First Received: July 1, 2005 Last Updated: May 15, 2009 History of Changes

Sponsored by:	GlaxoSmithKline
Information provided by:	GlaxoSmithKline
ClinicalTrials.gov Identifier:	NCT00118703

Purpose

The primary objective of this study is to compare the efficacy and safety of GW685698X 100mcg once daily (QD) aqueous nasal spray with vehicle placebo nasal spray in adult and adolescent subjects (12 years of age and older) with vasomotor rhinitis (VMR).

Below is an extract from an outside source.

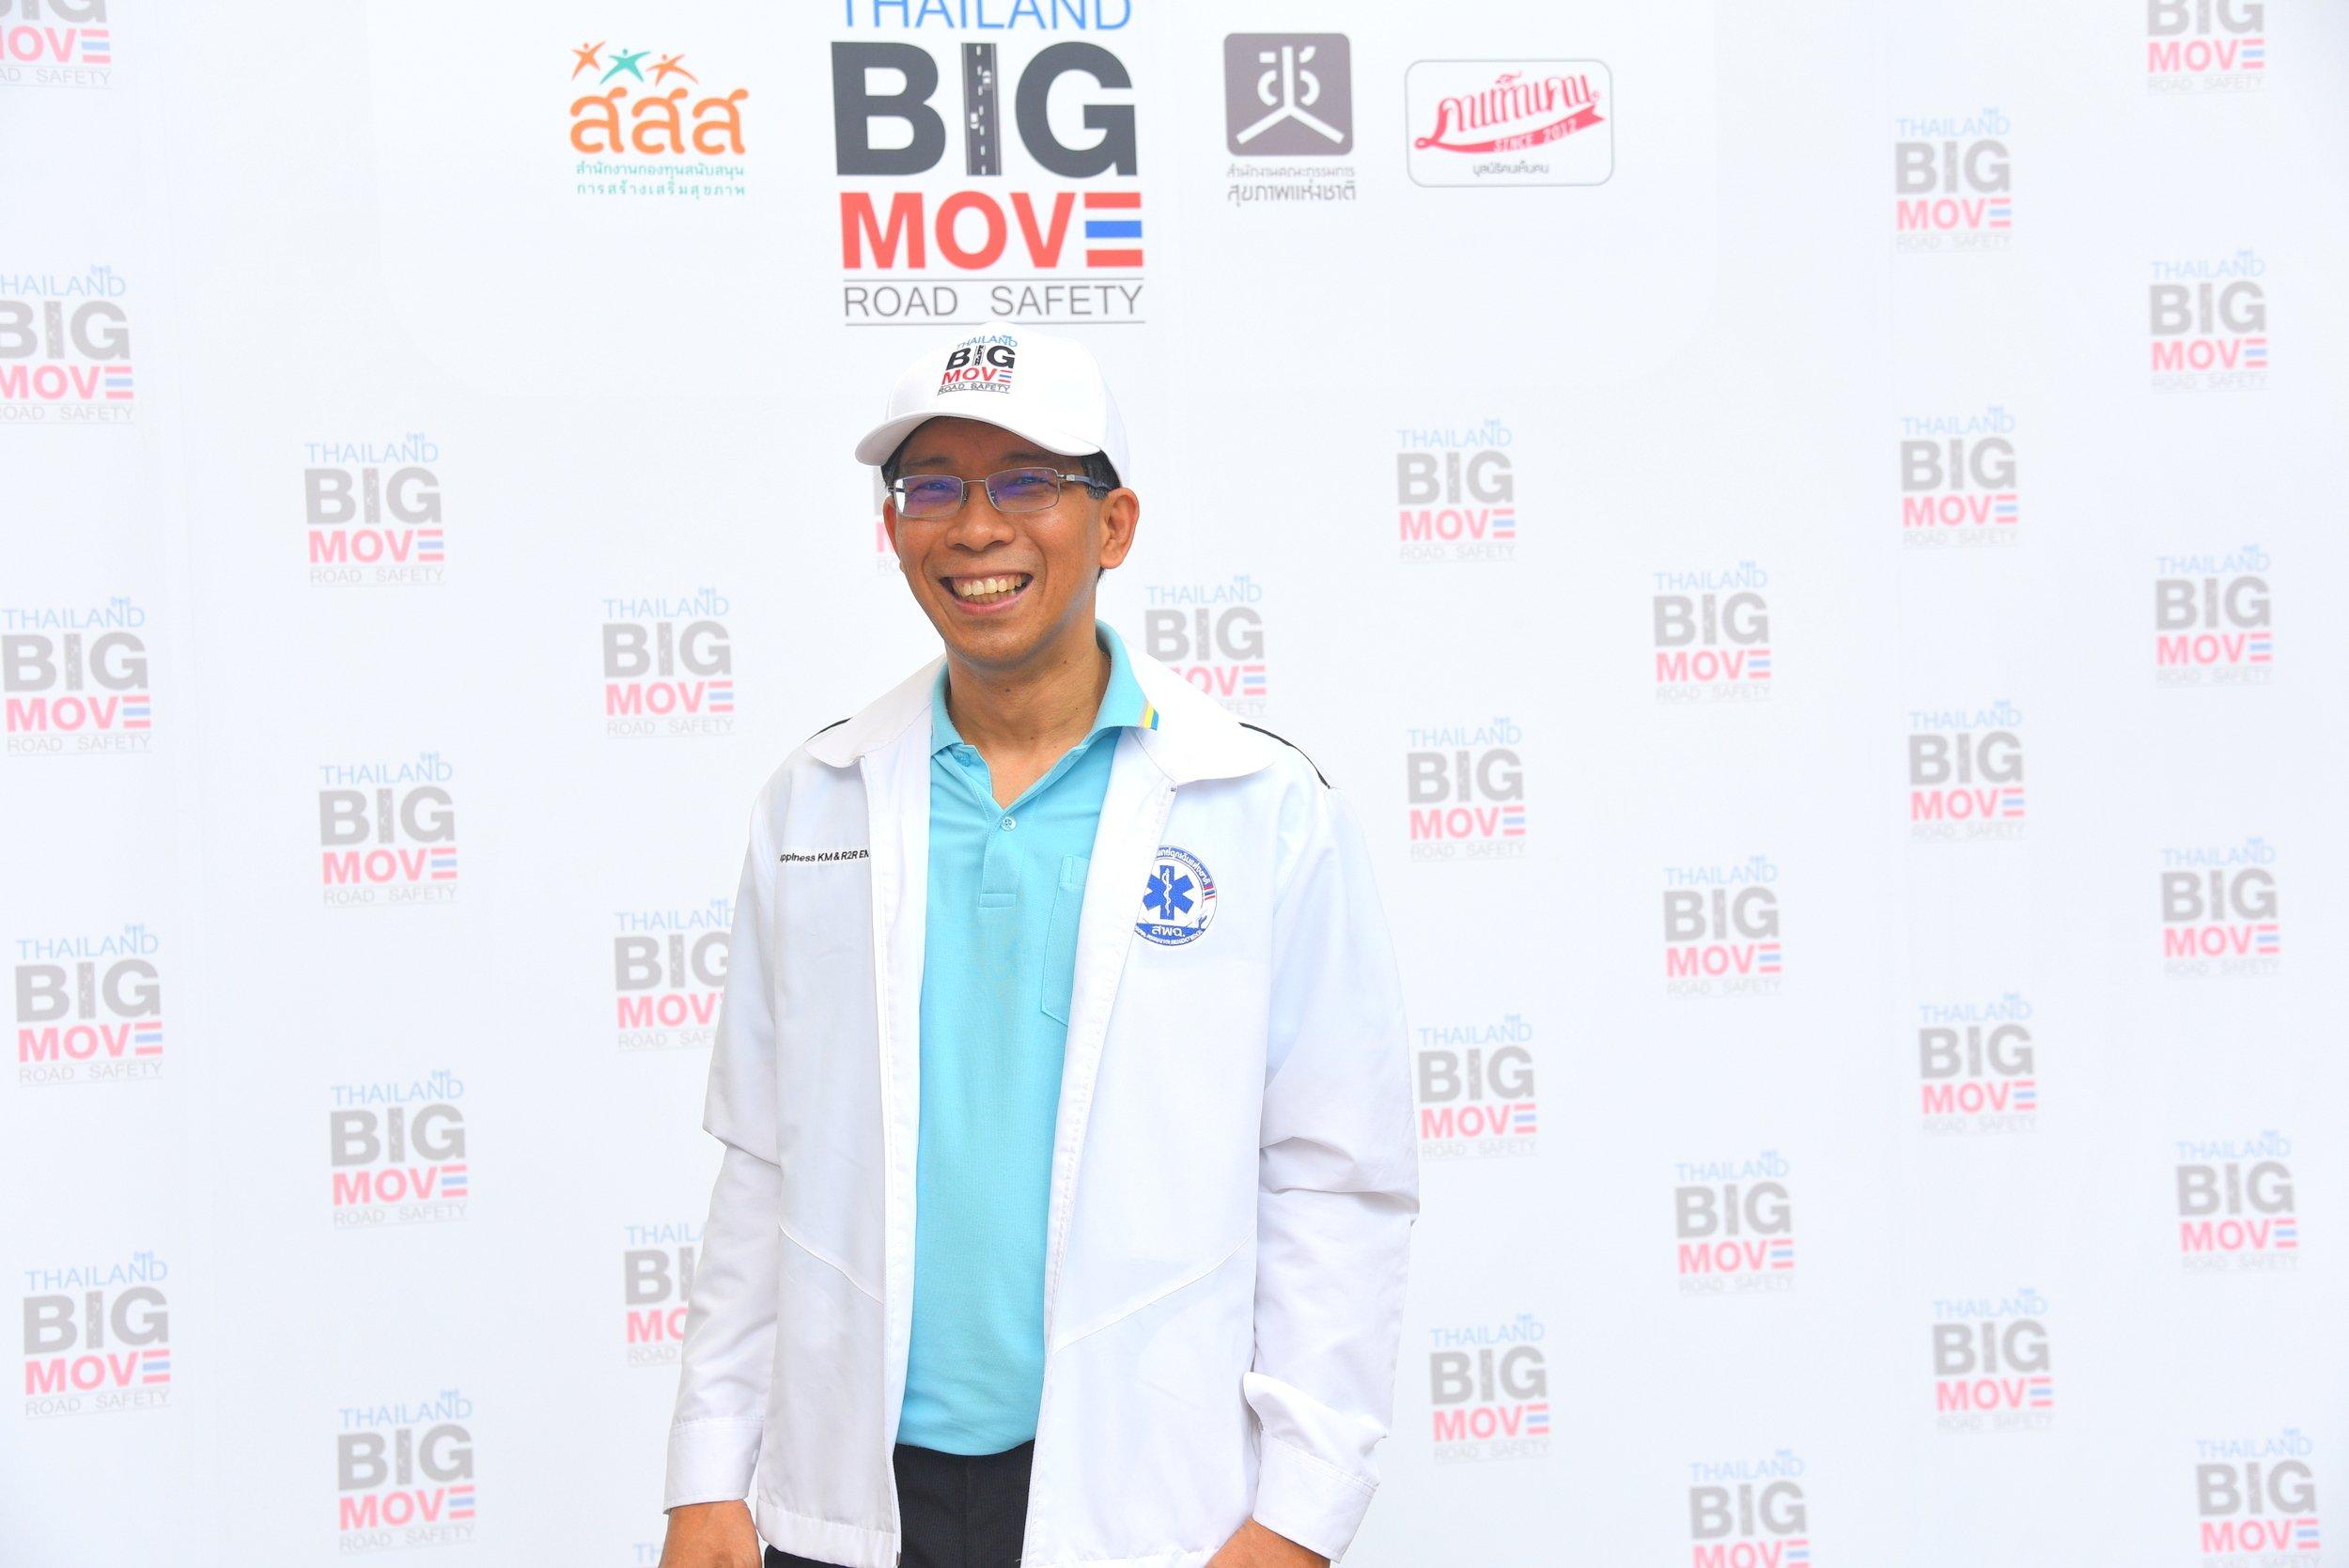 Thailand Big move ดึงอาชีวะร่วมลดอุบัติเหตุ เฟส 2 thaihealth
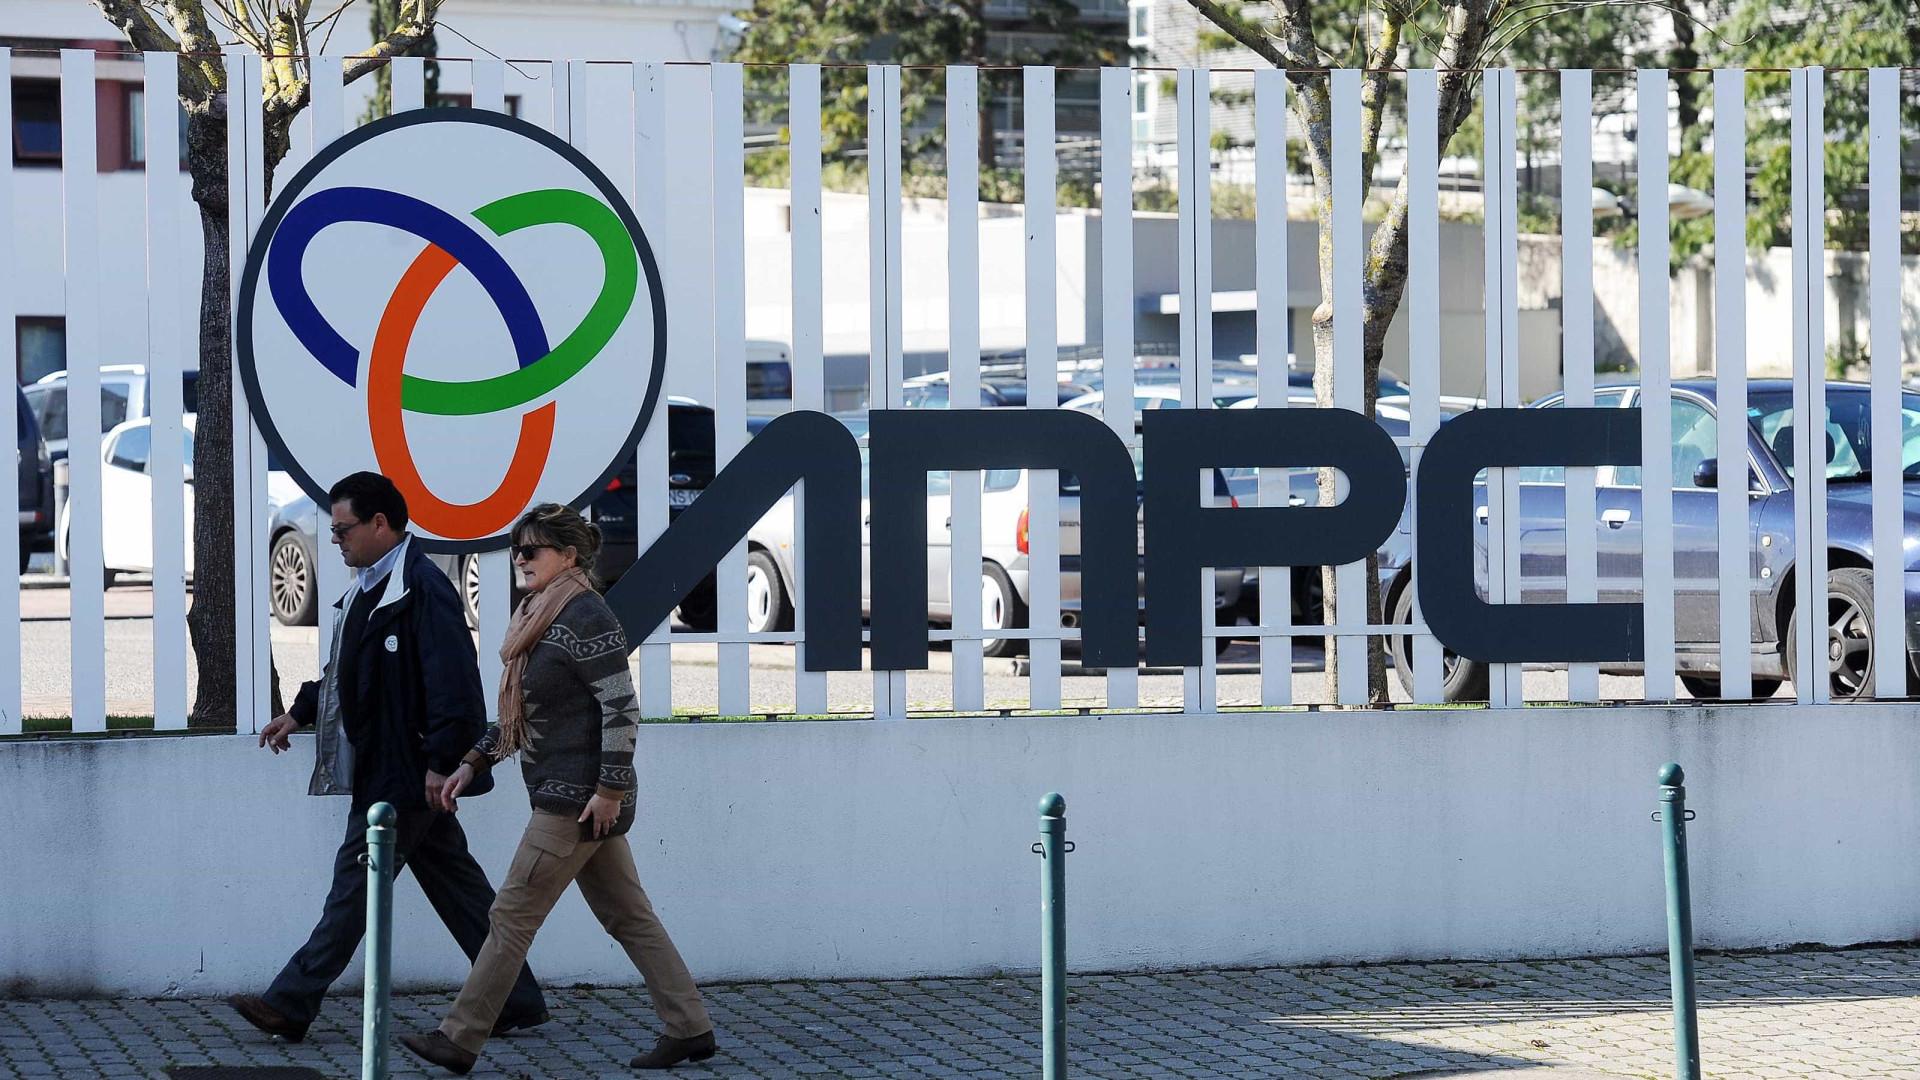 Auditoria: Dirigentes da ANPC com documentos que comprovam licenciaturas

Condition	Intervention	Phase
Vasomotor Rhinitis	Drug: GW685698X	Phase III

Study Type:	Interventional
Study Design:	Treatment, Randomized, Double-Blind, Parallel Assignment, Safety/Efficacy Study
Official Title:	A Randomized, Double-Blind, Placebo-Controlled, Parallel-Group, Multicenter Study to Evaluate the Efficacy and Safety of Once-Daily, Intranasal Administration of GW685698X Aqueous Nasal Spray 100mcg for 4 Weeks in Adult and Adolescent Subjects (12 Years of Age and Older) With Vasomotor Rhinitis

Resource links provided by NLM:

Drug Information available for: GW 685698X GW 685698

U.S. FDA Resources

Further study details as provided by GlaxoSmithKline:

Primary Outcome Measures:

Mean change from baseline over the entire treatment period in daily, reflective total nasal symptom scores. Subjects complete diaries twice daily (every 12 hours) reporting the severity of their VMR (vasomotor rhinitis) symptoms.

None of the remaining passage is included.